Der 1959 geborene Wang Hui gehört zu den im Westen bekanntesten chinesischen Intellektuellen, was auch damit zu tun haben könnte, dass viele seiner Texte und einige seiner Bücher ins Englische übersetzt worden sind. Er wird der in den 1990er Jahren in der Volksrepublik sich Gehör verschaffenden Gruppe der »Neuen Linken« zugerechnet, die die damaligen neoliberalen Reformen der KPCh scharf ins Auge fasste und eine demokratische, egalitäre Gesellschaftsordnung als Alternative zum Kapitalismus formulierte. Er selbst lehnt dieses Label jedoch unter anderem als westliches Framing ab und zieht den Begriff des kritischen Intellektuellen vor. Nach der Niederschlagung der Proteste 1989 wurde er, der an der Bewegung beteiligt war, für ein Jahr in eine der ärmsten Regionen der Volksrepublik versetzt – eine Erfahrung, die ihm ein Verständnis für das Leben der Landbevölkerung ermöglicht habe, wie er später sagt. Von 1996 bis 2007 war er Mitherausgeber der damals die intellektuellen Debatten im Land prägenden Monatszeitschrift Dushu (»Lesen«), deren Motto »No Forbidden Zone in Reading« lautete.

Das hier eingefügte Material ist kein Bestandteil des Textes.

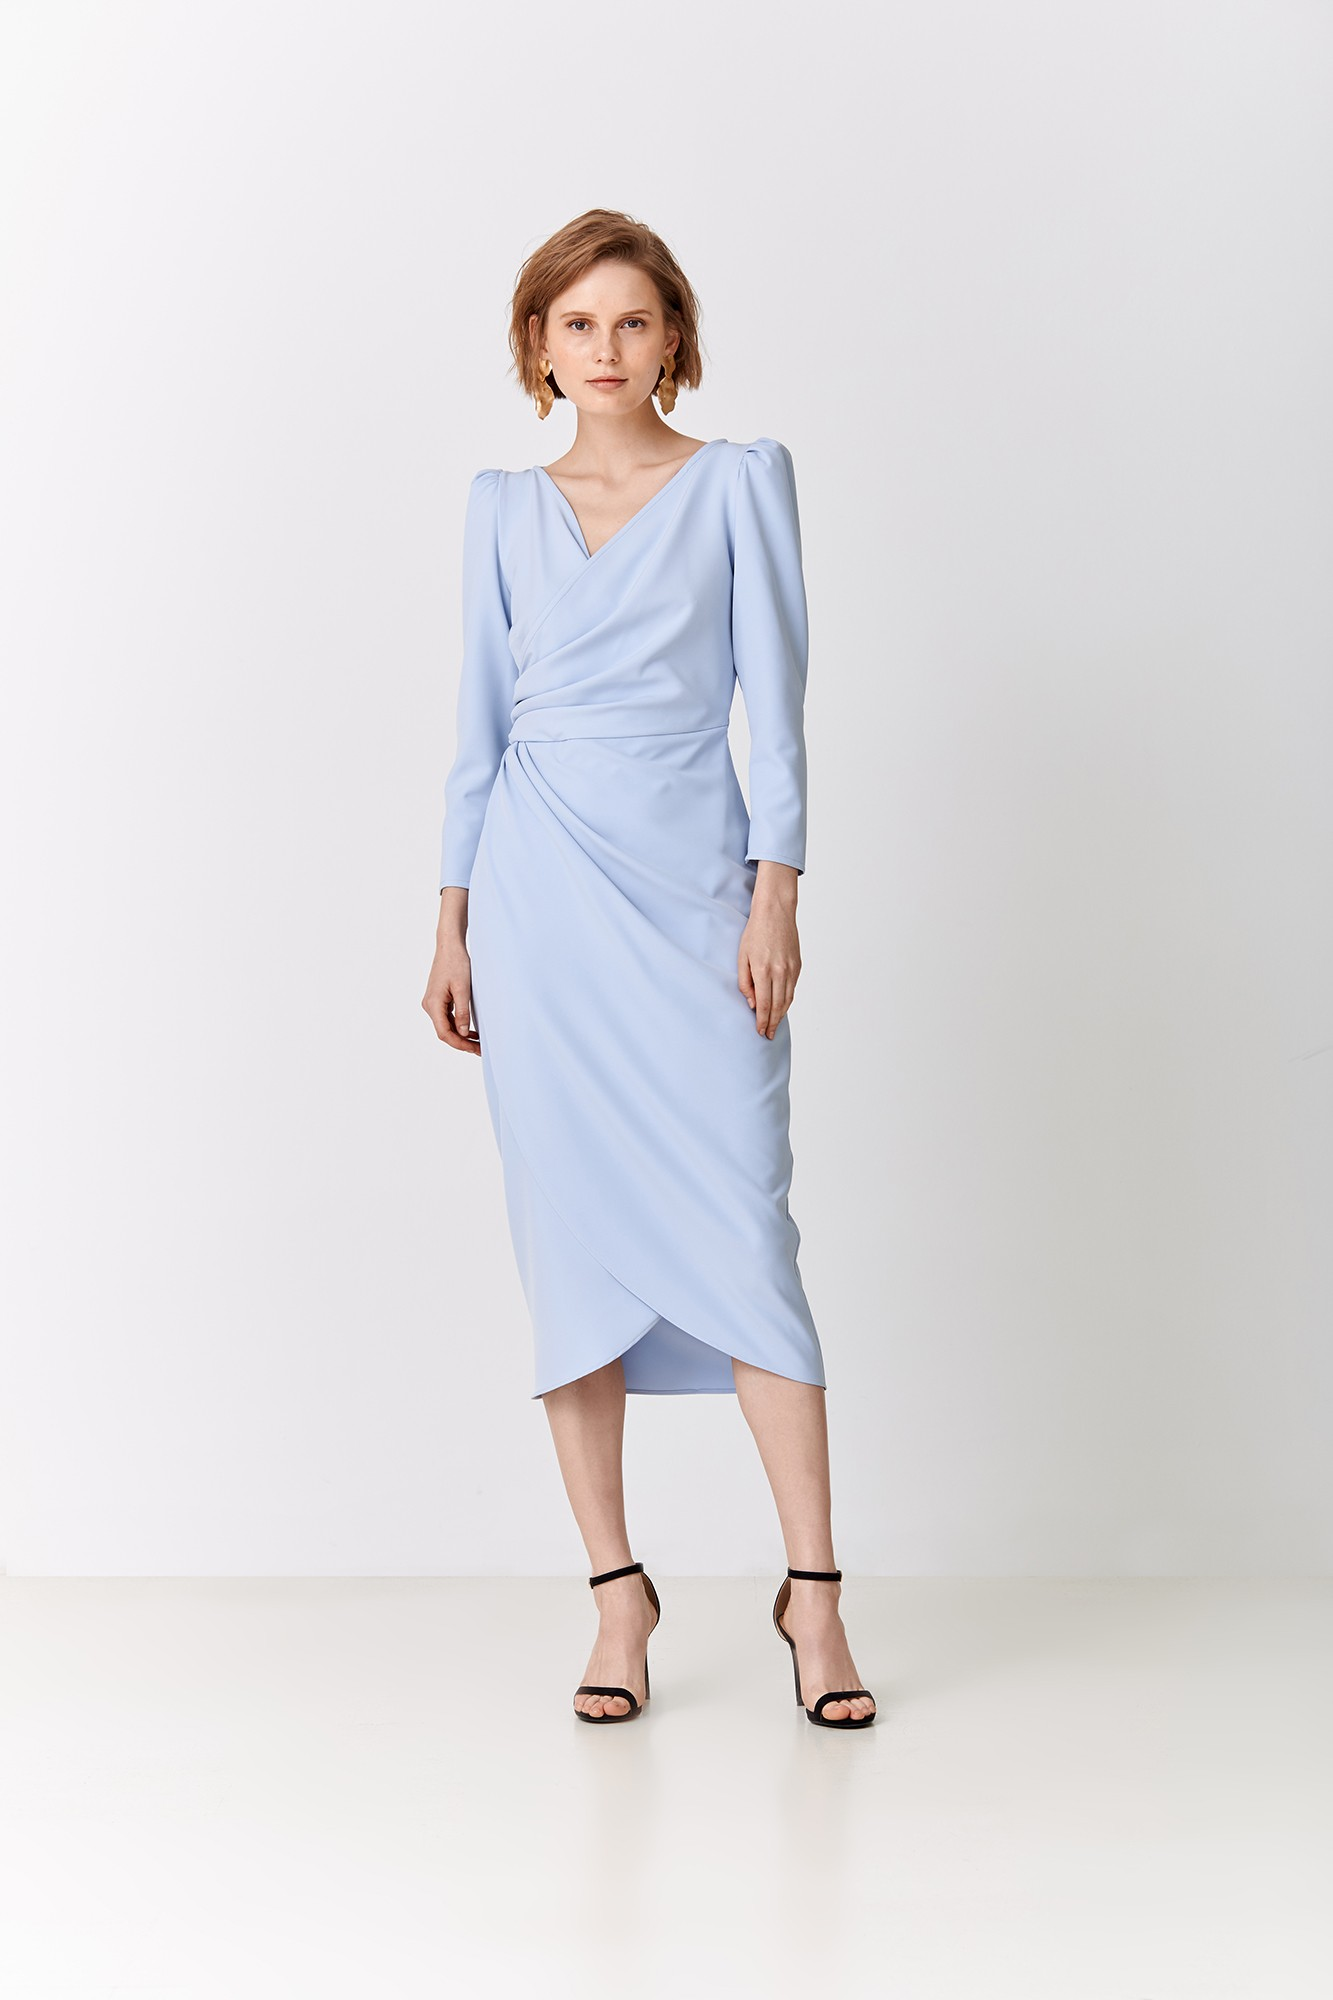 DAYLE BLUE DRESS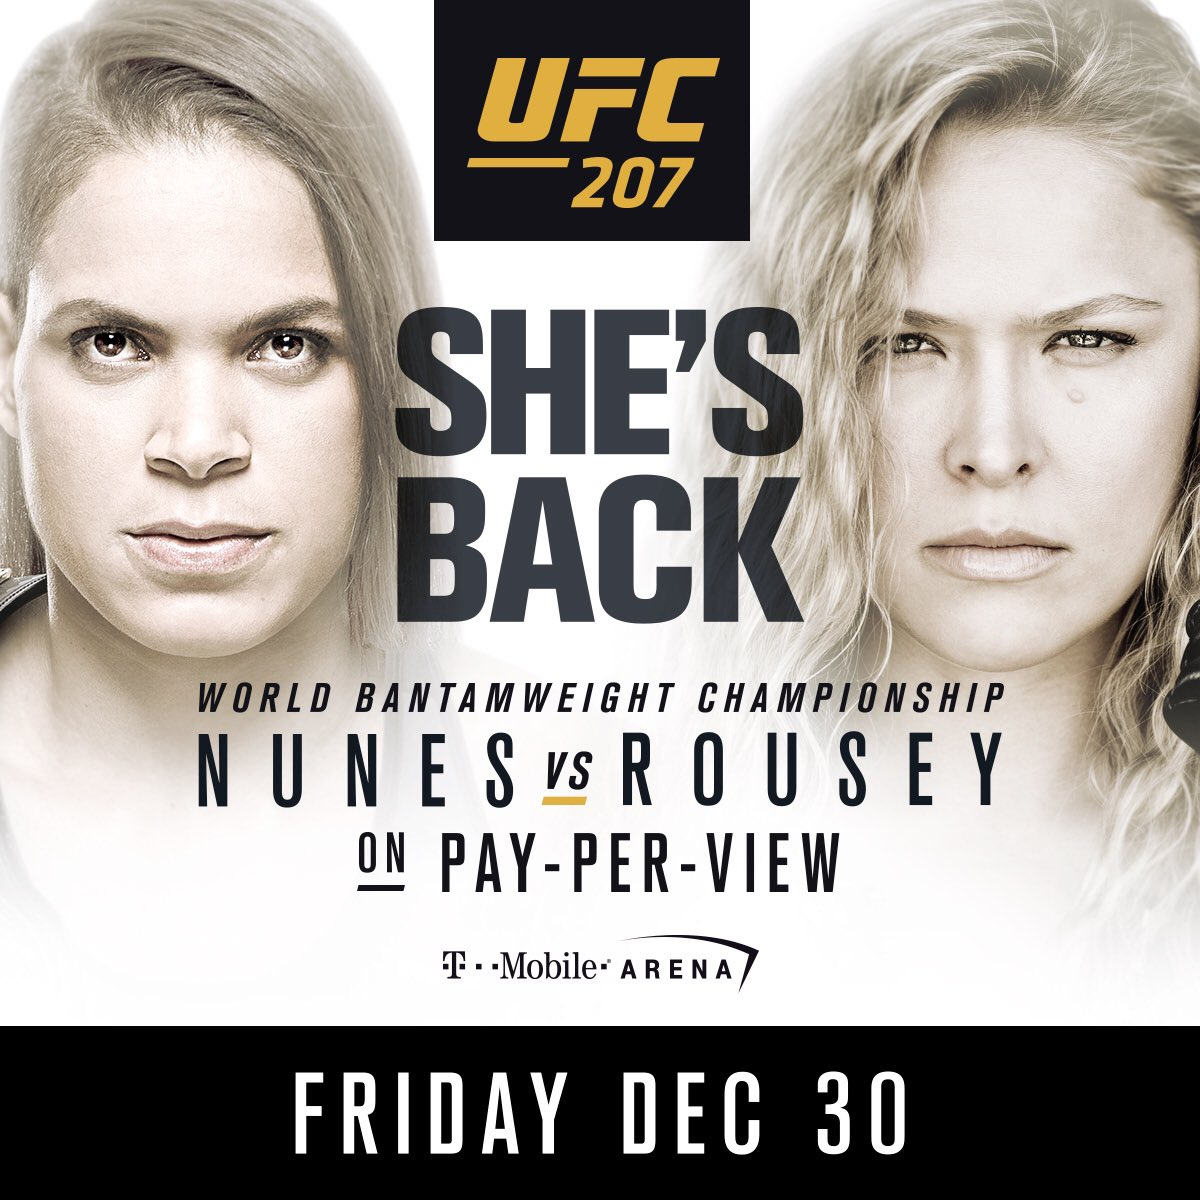 It's a girls night!! @Amanda_Leoa & @RondaRousey! This Friday Dec30!  #UFC207 https://t.co/1PGGPvaxvl

Ein Besuch chinesischer Buchhandlungen dürfte jede neugierige Person aus dem Westen überraschen: von Machiavelli, Hegel, Marx, Freud, Adorno, Bloch, Hayek, Friedman, Lacan, Foucault, Butler bis hin zu Donna Haraway ist alles ins Chinesische übersetzt – wie die Autorin dieses Textes selbst auf einer Chinareise feststellen konnte –, während Übersetzungen modernen und zeitgenössischen chinesischen Denkens im Westen nach wie vor rar sind. 2008 zählte die US-amerikanische Zeitschrift Foreign Policy Wang Hui zu den 100 einflussreichsten öffentlichen Intellektuellen weitweit, als einer der wenigen Denker der Linken steht er da neben Slavoj Žižek und Noam Chomsky. Auch in der Volksrepublik selbst ist er einer der bekanntesten Denker.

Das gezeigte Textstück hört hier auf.